China tech crackdown: e-commerce and online advertising to contend with weak spending in 2022, UBS analyst says

  • Regulatory pressure and weak economic growth will continue to create uncertainty for internet businesses for another year, analyst predicts
  • Tech stocks were already hammered in 2021 after a slew of regulatory crackdowns that shaved half the value off many companies

China’s tech sector faces a tough 2022 amid regulatory pressure and weak economic growth, a UBS Securities analyst said on Monday, offering another dour outlook for the year ahead after a rough 2021.

Weak consumption in China this year will make it hard for e-commerce platforms and other businesses relying on advertising to increase revenue, according to analyst Felix Liu.

Growth in retail sales, a rough indicator for consumer spending in the world’s second largest economy, slowed to 3.9 per cent in November and is expected to slow further as the Chinese government’s zero-tolerance approach to slowing the spread of Covid-19 dampens consumer spending and confidence.

Other economists have shared Liu’s view of weak consumption this year. In a recent research note from JPMorgan, economists led by Zhu Haibin wrote that consumption in China faces headwinds this year from uncertainties in the labour market, travel restrictions and “insufficient policy support”.

HSBC economists led by Qu Hongbin said in another note that weak consumption stemming from residents’ restricted mobility is a main risk clouding the country’s economic outlook in 2022.

Chinese tech stocks were already hammered in 2021 by a number of crackdowns in the sector. Many related stocks lost half of their value for the year, if not more.
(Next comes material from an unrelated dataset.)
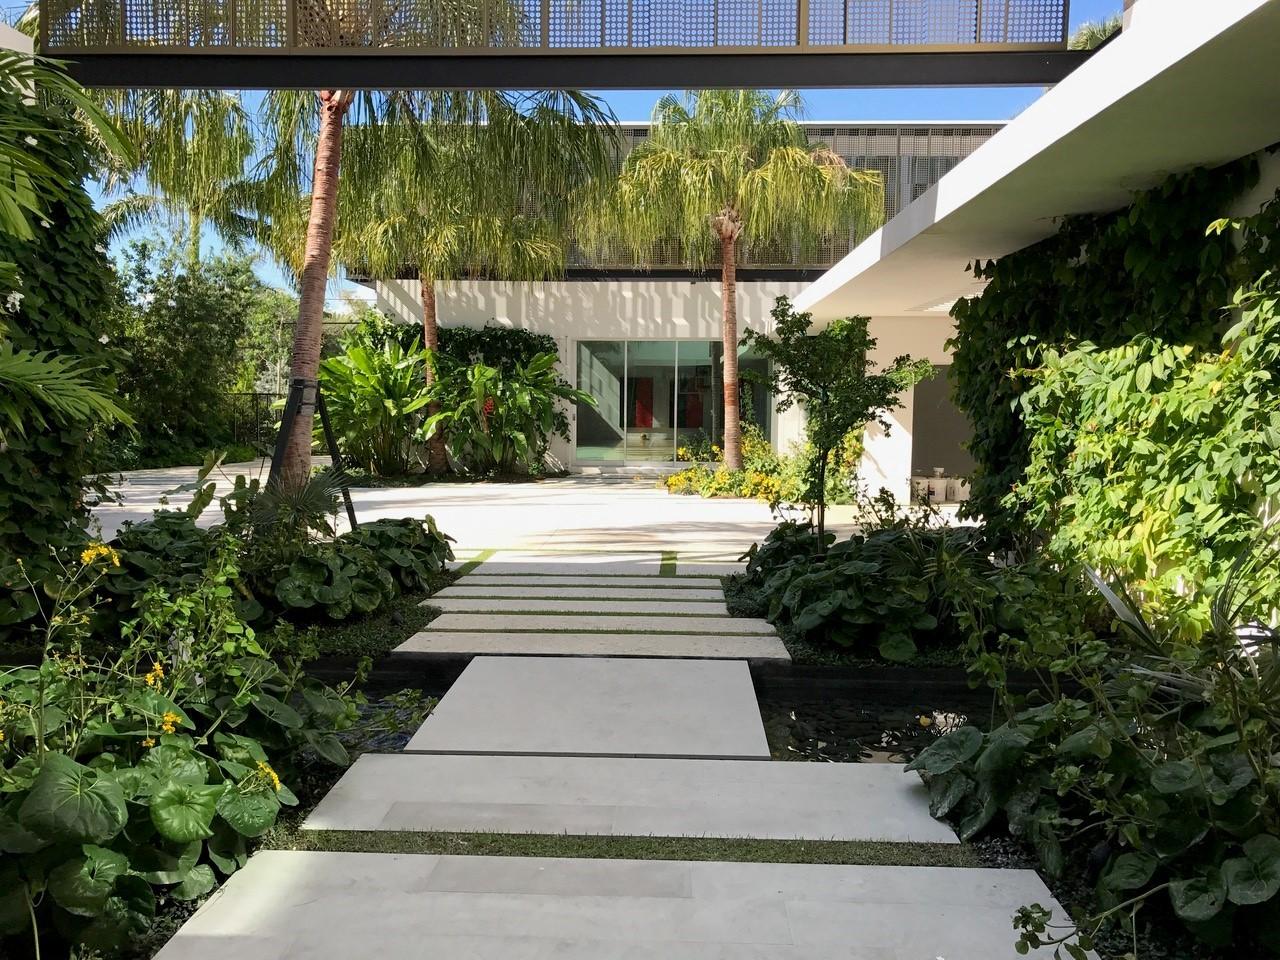 Landscape Architecture For Saota Homes Saota

Alibaba Group Holding, owner of the South China Morning Post, saw its share price halved from its peak and is expecting the slowest annual revenue growth since its initial public offering in New York in 2014.

Short video-sharing app operator Kuaishou saw its share price plummet 80 per cent from its peak last February, about two weeks after going public in Hong Kong.

Liu said China’s regulatory pressure on the tech sector will remain through 2022, although it is unlikely to be as severe as last year, when China’s antitrust probes, ban on private tutoring and crackdown on video gaming took investors in Hong Kong and New York by surprise.

Multiple Chinese regulatory agencies have been involved in Beijing’s tech crackdown over the past year. China’s antitrust authority looked into old cases to levy fines on Alibaba and Tencent Holdings, while tax authorities across the country have been scrutinising live-streaming hosts and demanding money for past underpaid taxes.

Last July, the General Office of the Chinese Communist Party and the State Council banned private tutoring firms, known for their online services, from making a profit.

The crackdown on gaming came in August when the country announced new restrictions to curb video game addiction, restricting people under the age of 18 to only playing between 8pm and 9pm on Friday, Saturday, Sunday and statutory holidays. The National Press and Publication Administration has not granted any new game licences since the end of July, putting pressure on small game developers.

Liu said the Chinese authority is trying to regulate the gaming industry, not to kill it, because Beijing hopes the medium can be used to “export Chinese culture”. The approval of new game licences is only a matter of time, he said.

As for the metaverse, a hot concept in the industry involving a shared immersive world, it remains in the early stages of development and prospects for the technology are currently unclear, according to Liu.

“For the large tech firms, it’s more of an investment for the future than a lucrative business,” he said.